2. The complex of claim 1, wherein the complex is a supramolecular complex.

3. The complex of claim 1 or 2, in crystalline form.

4. The complex of claim 1 or 2, wherein the compound is in amorphous form.

5. A pharmaceutical composition comprising:

(a) the complex of any one of claims 1-4; and

(b) at least one pharmaceutically acceptable additive.

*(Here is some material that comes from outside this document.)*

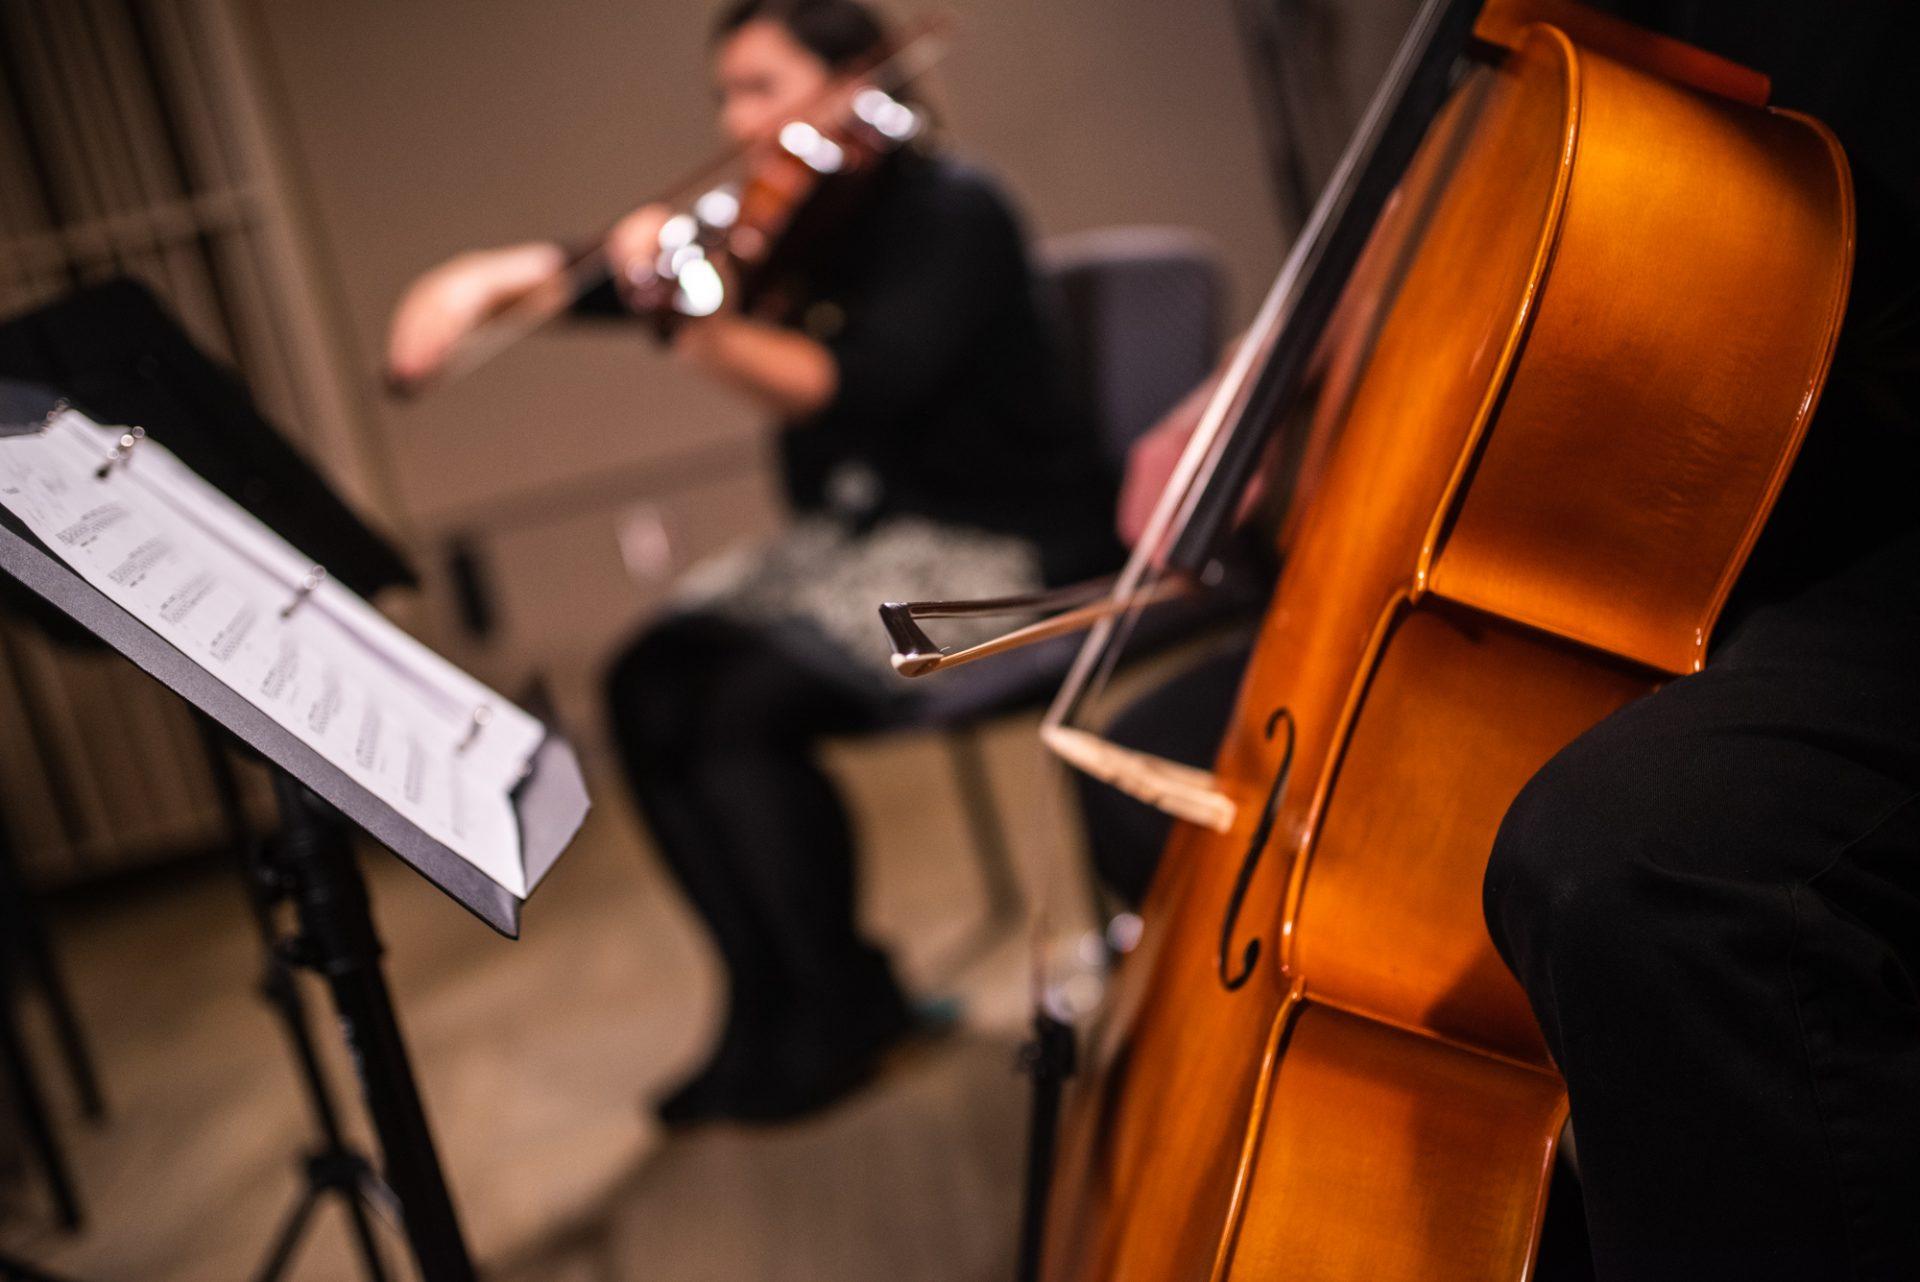 Close-up of a cello

6. The pharmaceutical composition of claim 5, wherein the pharmaceutically acceptable additive is selected from the group consisting of: diluents or fillers, disintegrants, glidants, lubricants, binders, colorants, and combinations thereof.

7. Use of a complex according to any one of claims 1-4 for the preparation of a medicament for the treatment or prevention of a disease or disorder selected from hypertension, heart failure, left ventricular insufficiency, hypertrophic cardiomyopathy, diabetic cardiomyopathy, supraventricular and ventricular arrhythmias, atrial fibrillation, atrial flutter, detrimental vascular remodeling, myocardial infarction and its sequelae, atherosclerosis, angina, renal insufficiency, diabetes, secondary aldosteronism, glomerulonephritis, scleroderma, glomerulosclerosis, primary nephroproteinuria, diabetic retinopathy, migraine, peripheral vascular disease, raynaud's disease, luminal hyperplasia (luminal hyperplasia), cognitive disorders, glaucoma and stroke.

8. Use of a complex as claimed in claim 7, wherein the hypertension is selected from primary and secondary pulmonary hypertension, or renovascular hypertension.

9. Use of a complex according to claim 7, characterized in that the disease or condition is hypertension.

10. Use of a complex as claimed in claim 7, wherein the disease or condition is chronic heart failure.

11. Use of a complex according to any one of claims 1-4 for the preparation of a medicament for the treatment or prevention of a disease or condition selected from the group consisting of acute heart failure, chronic heart failure, congestive heart failure, unstable angina, stable angina, diabetic renal insufficiency, diabetic nephropathy and non-diabetic renal insufficiency.

12. A pharmaceutical composition comprising:

(a) the complex of any one of claims 1-4;

(b) a therapeutic agent selected from the group consisting of antidiabetics, hypolipidemic agents, antiobesity agents and antihypertensive agents; and

(c) at least one pharmaceutically acceptable additive.

13. The pharmaceutical composition of claim 12 wherein the therapeutic agent is amlodipine besylate.

14. The pharmaceutical composition of claim 12, wherein the therapeutic agent is hydrochlorothiazide.